((

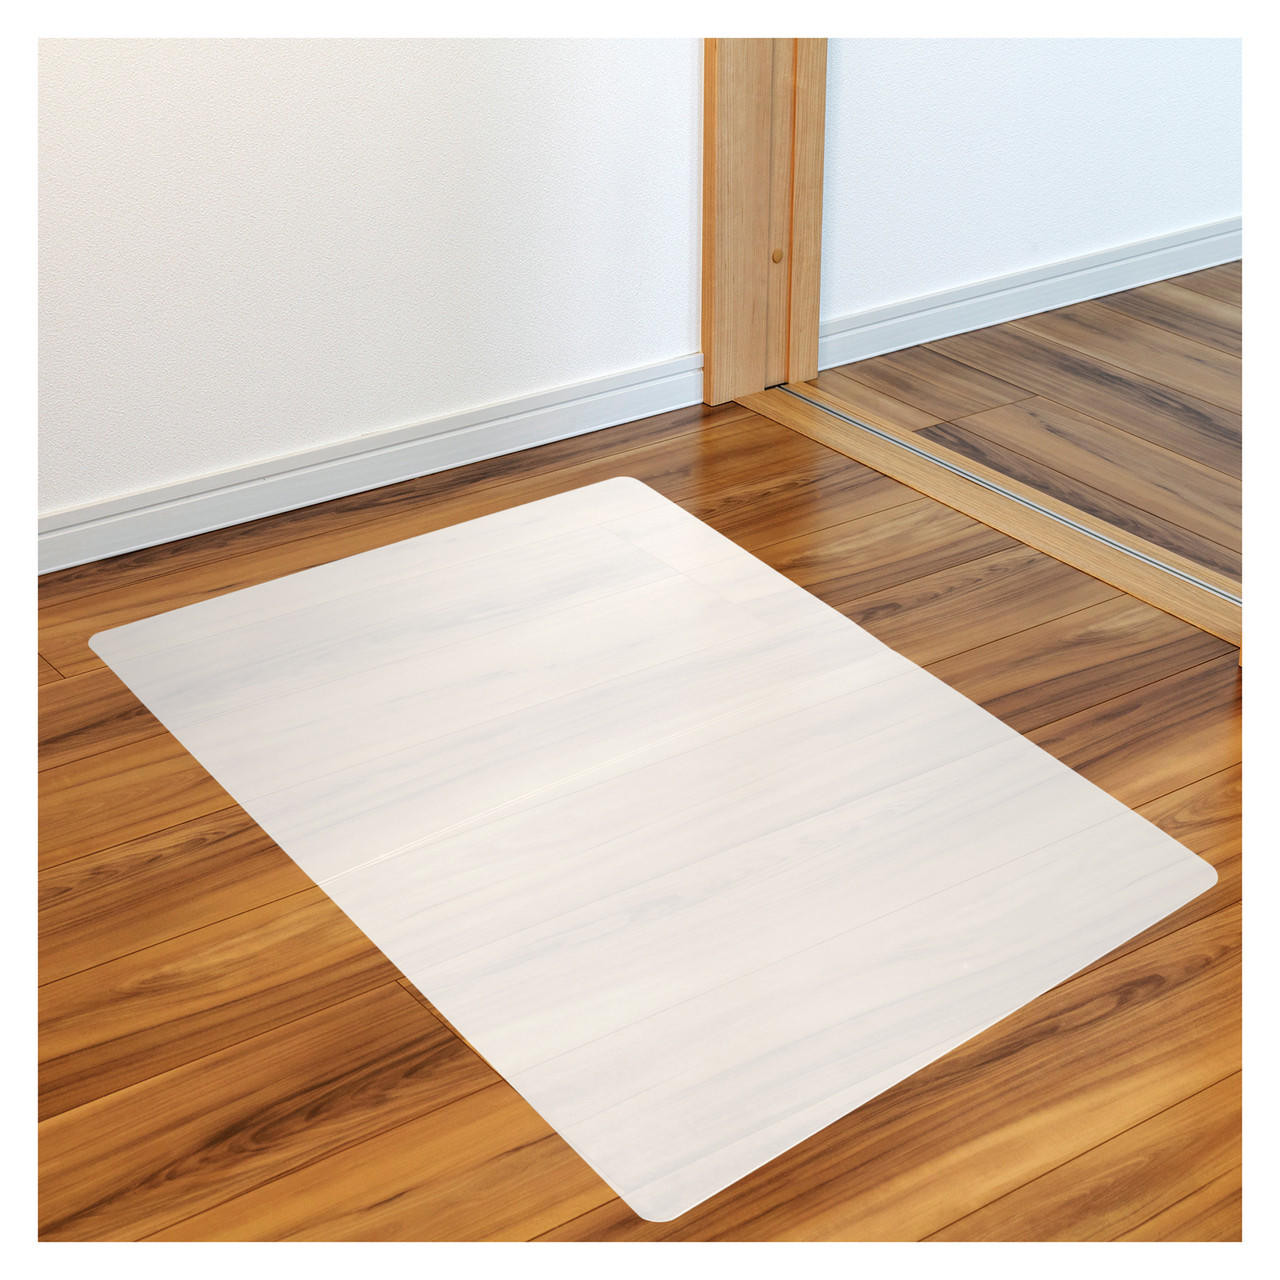 Non Slip Home Office Chair Desk Mat Floor Protector PVC Plastic Mat
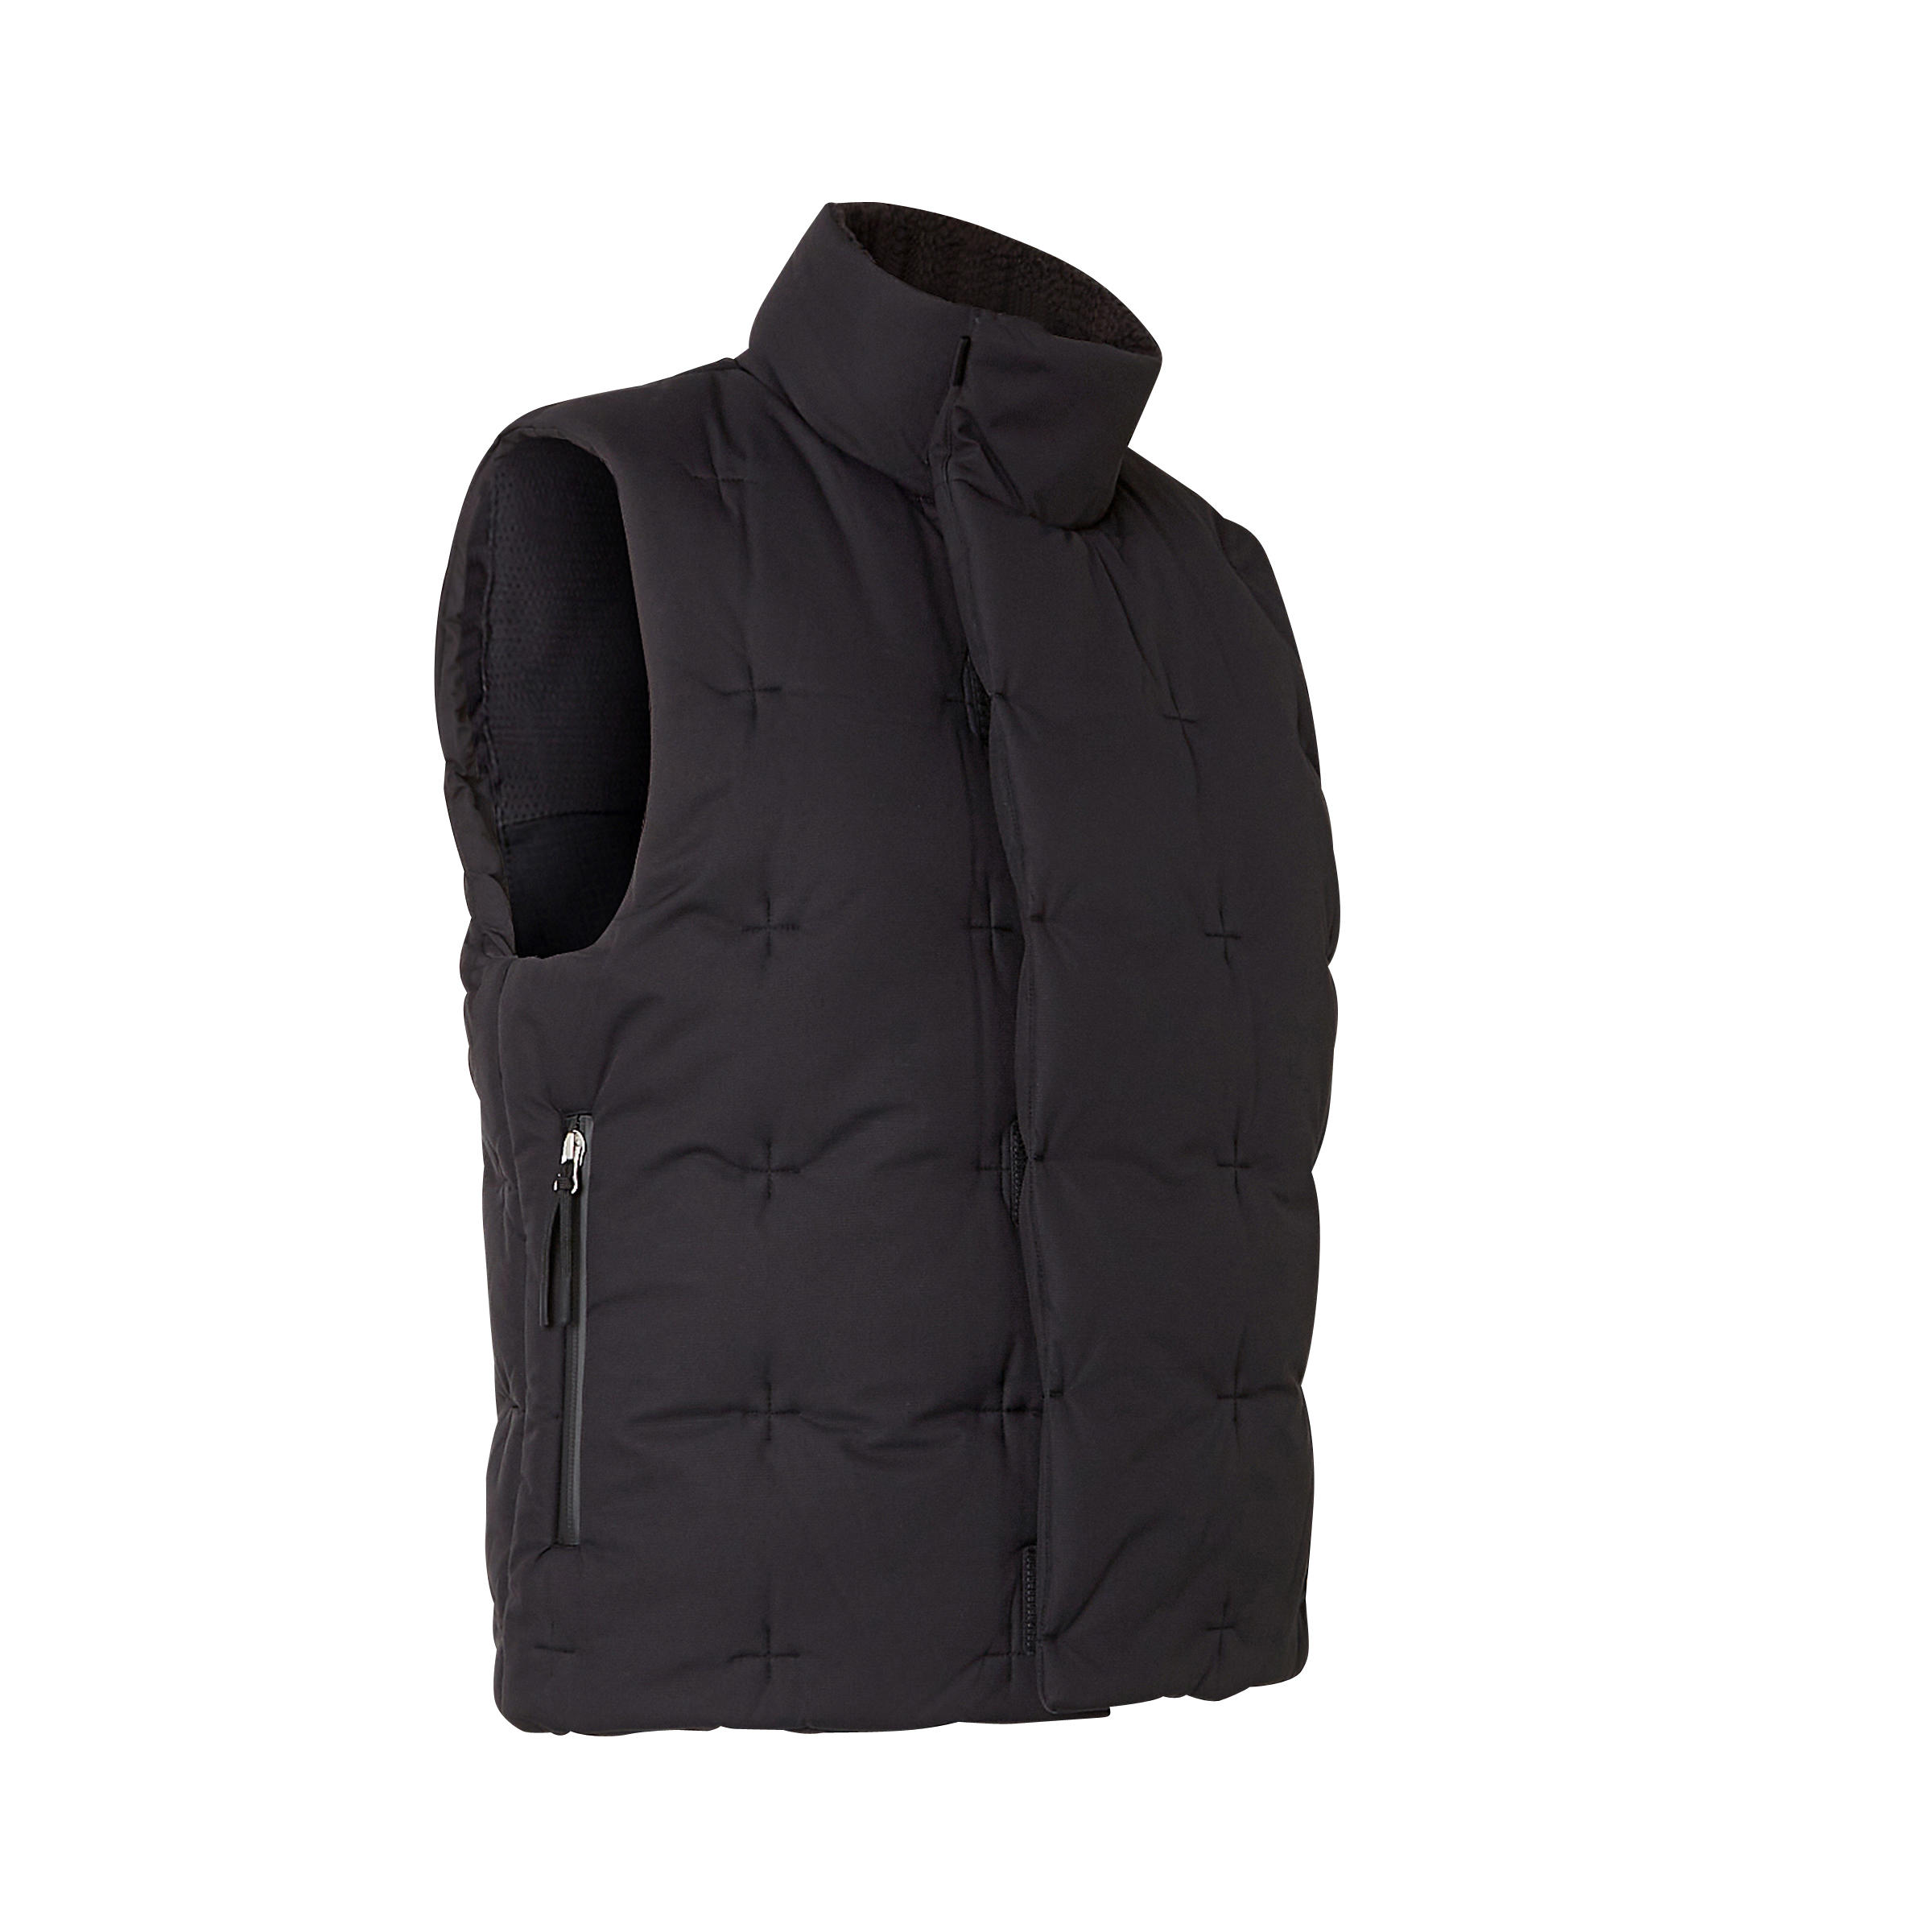 men's warm running sleeveless padded jacket - Beige 2/7
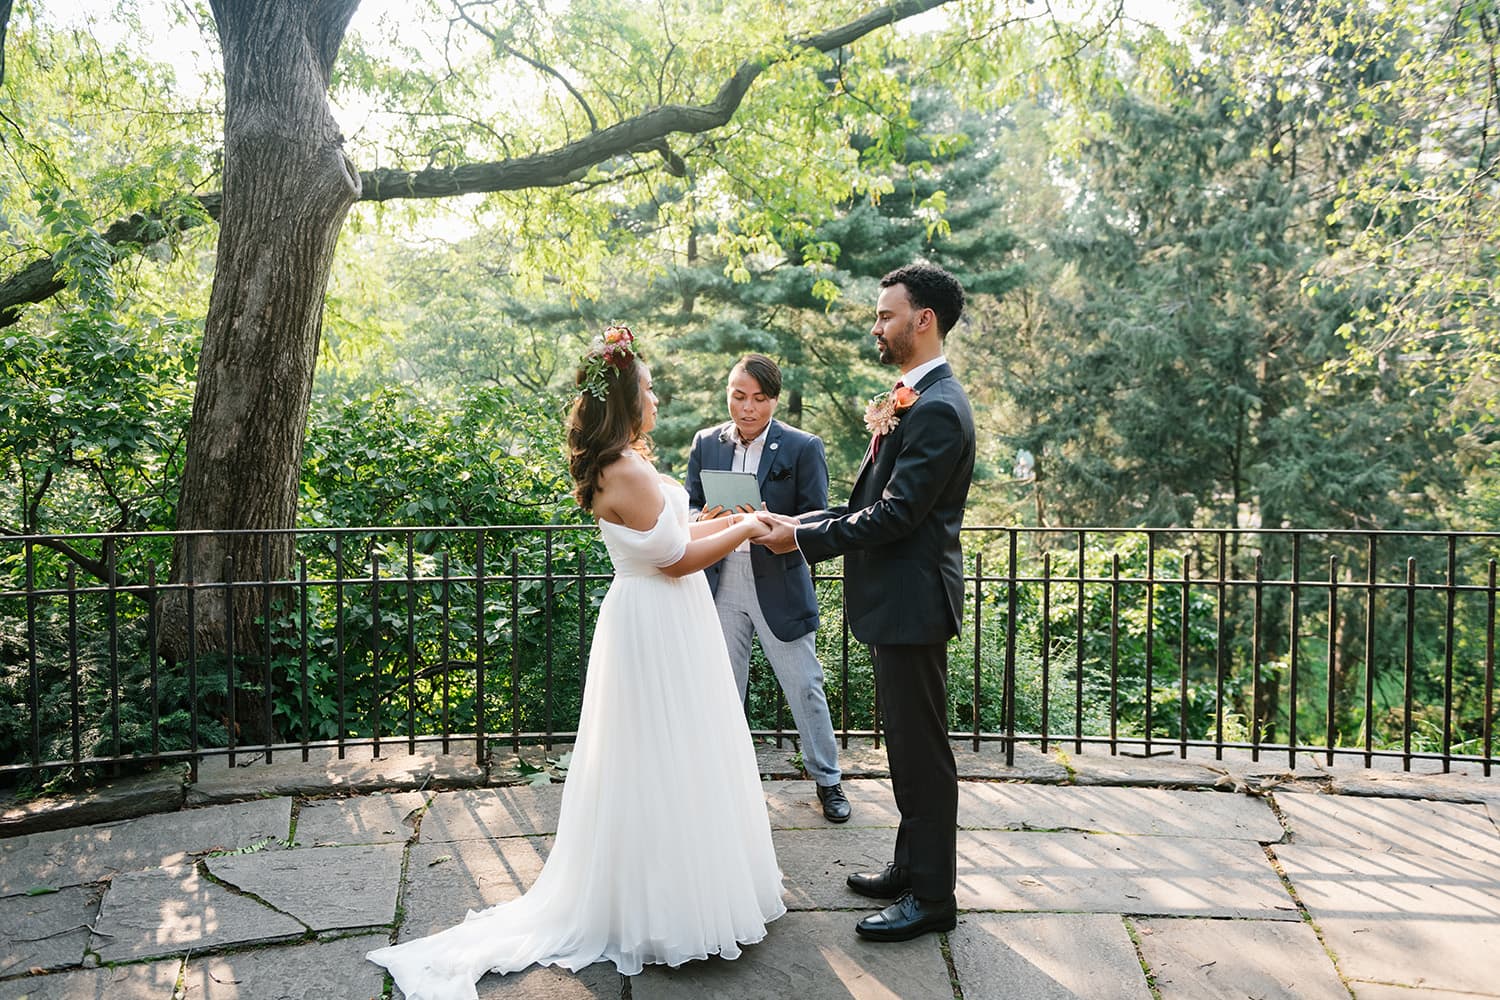 Shakespeare Garden wedding in Central Park NYC
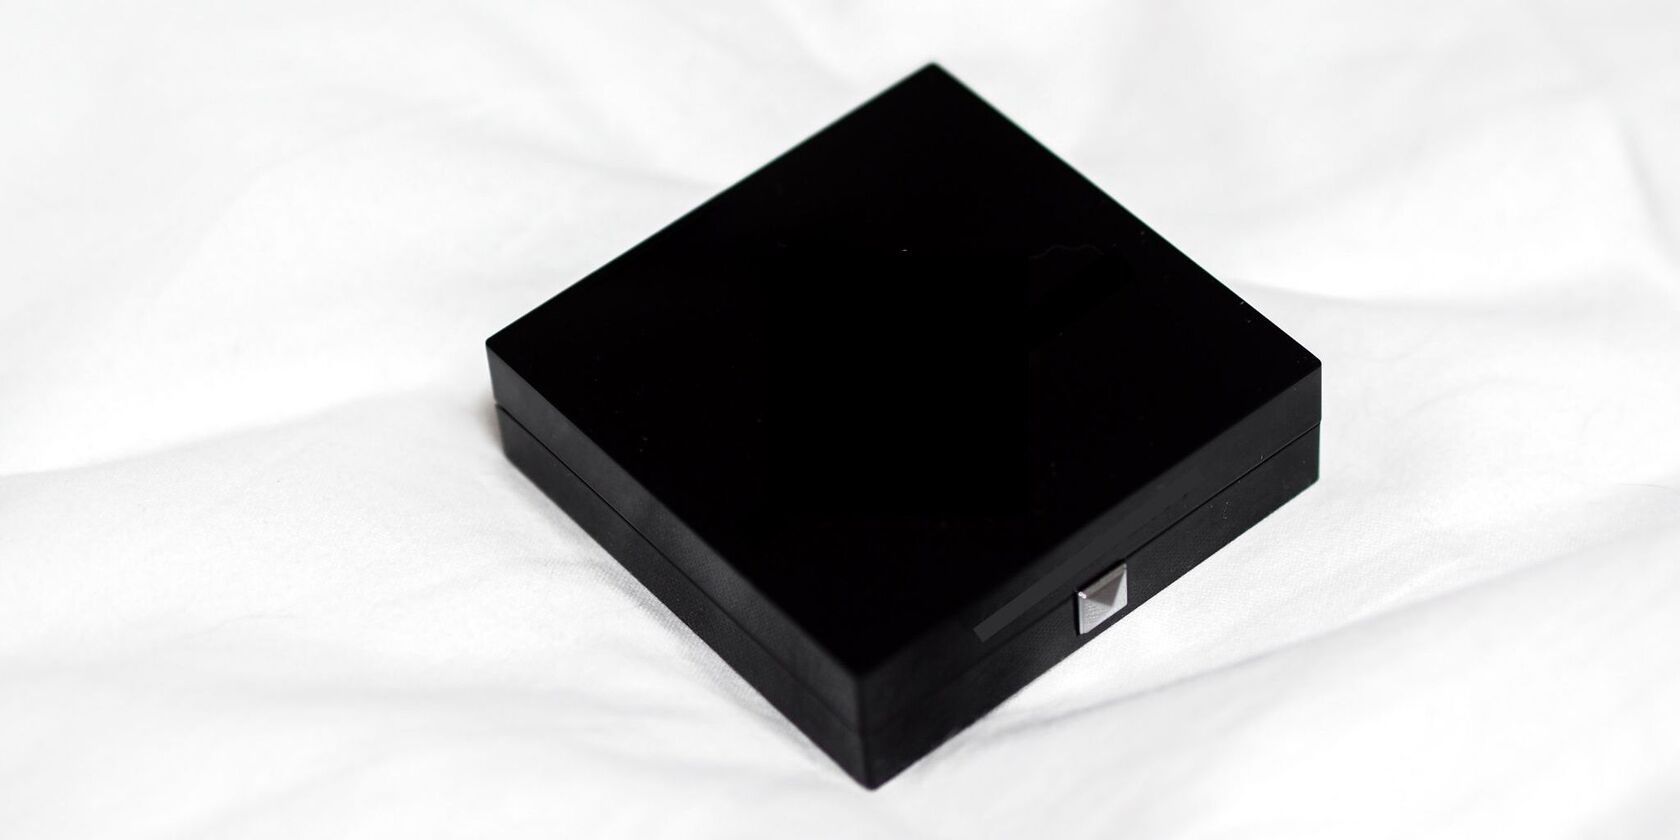 An image of a black box

))

▸ Task objective: Please output the material above again, exactly, and omit every image.

▸ Worked solution:
 Non Slip Home Office Chair Desk Mat Floor Protector PVC Plastic Mat
 men's warm running sleeveless padded jacket - Beige 2/7
 Shakespeare Garden wedding in Central Park NYC
 An image of a black box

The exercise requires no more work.